## [Data shown]
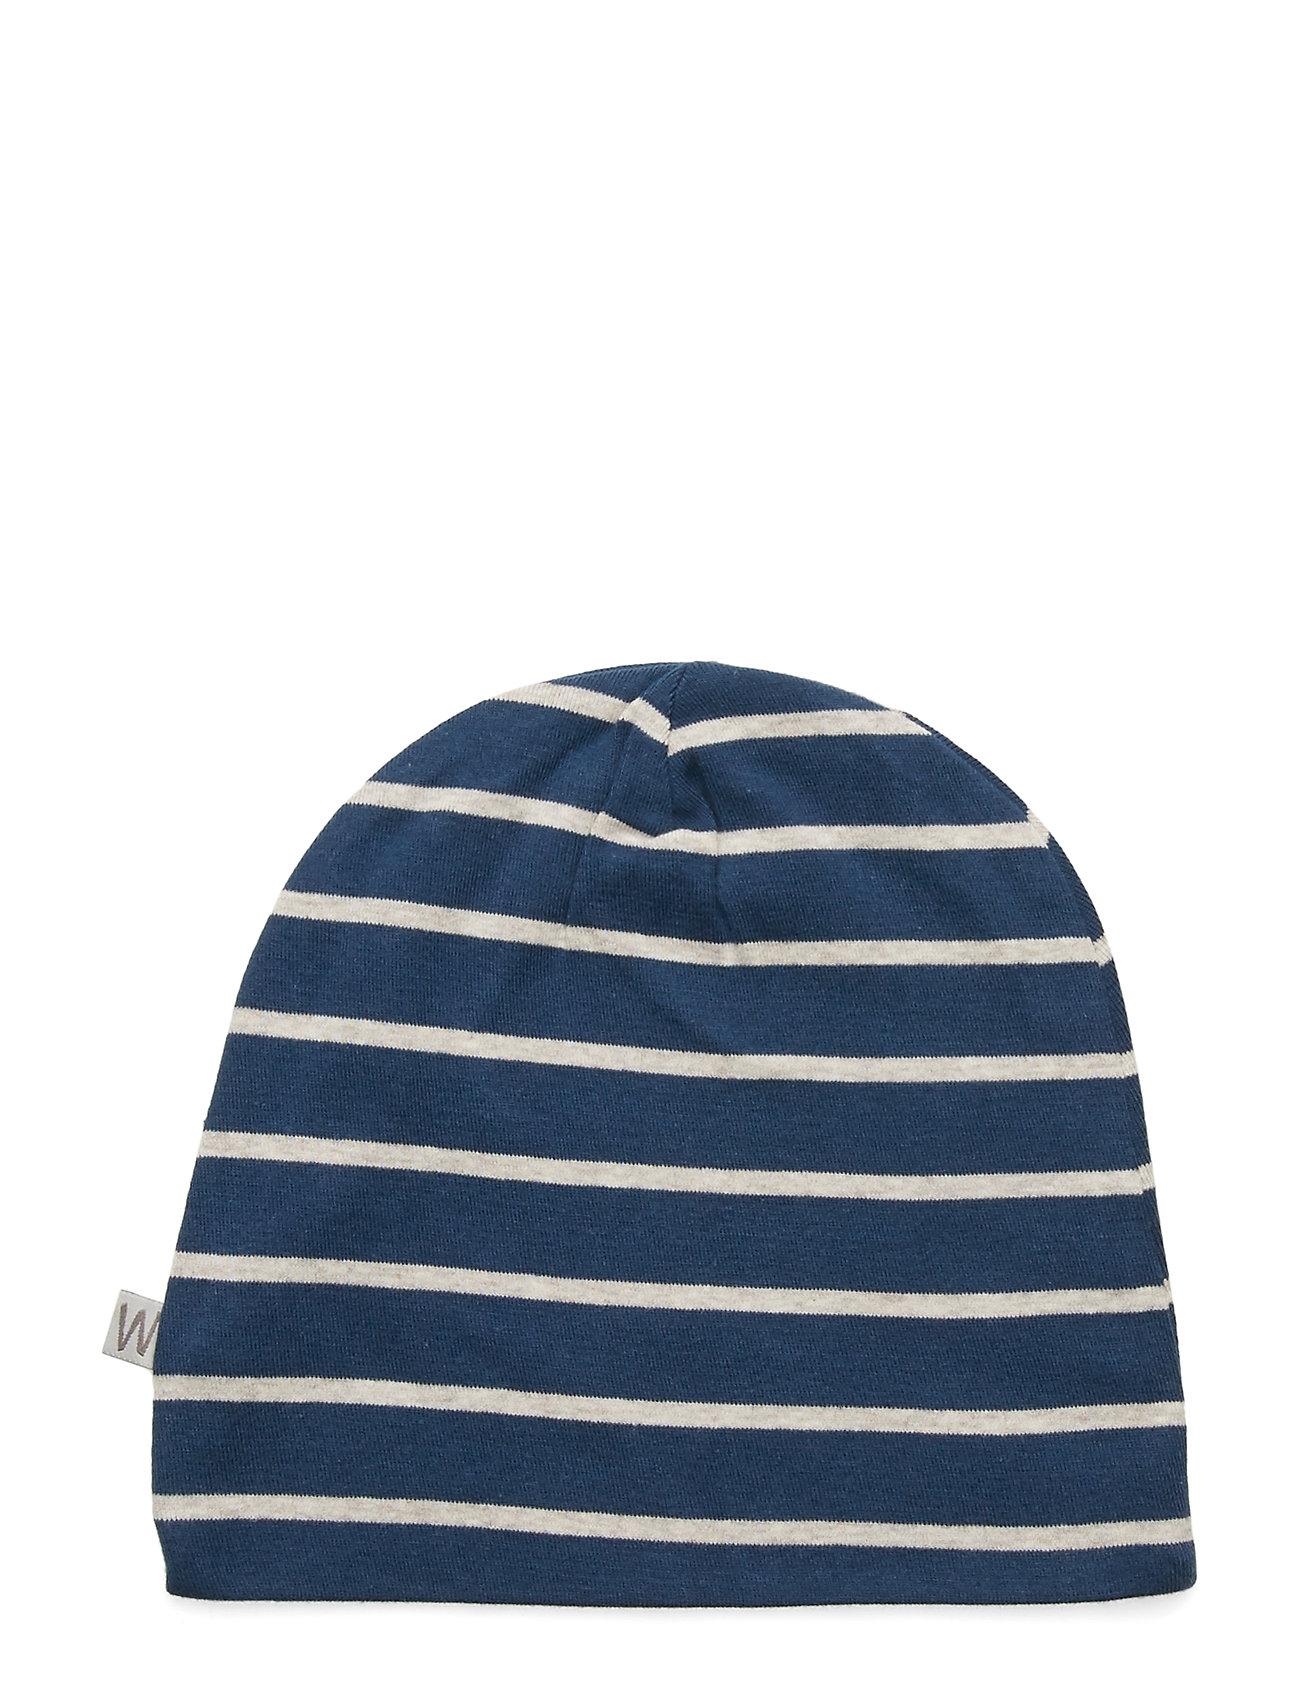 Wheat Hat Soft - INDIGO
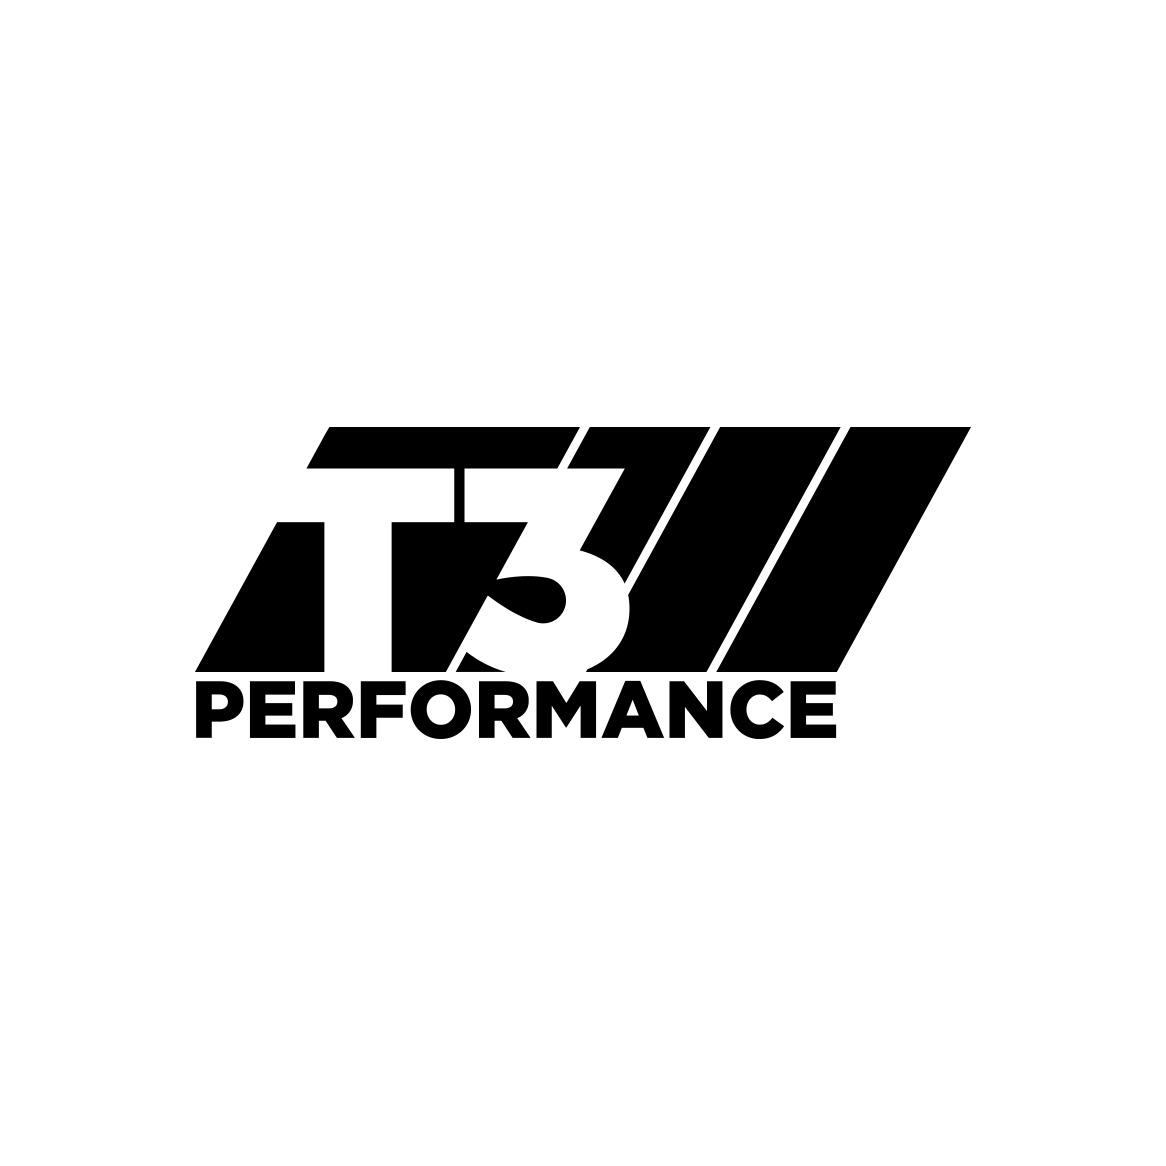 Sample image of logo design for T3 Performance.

--

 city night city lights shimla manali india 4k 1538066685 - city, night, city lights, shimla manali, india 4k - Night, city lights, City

## [Task objective]
Within the listing above, the lines starting at the one containing "Wheat Hat Soft - INDIGO" and ending at the one containing "Sample image of" are to be returned exactly. Omit the pictures.

## [Answer for the task]
 Wheat Hat Soft - INDIGO
 Sample image of logo design for T3 Performance.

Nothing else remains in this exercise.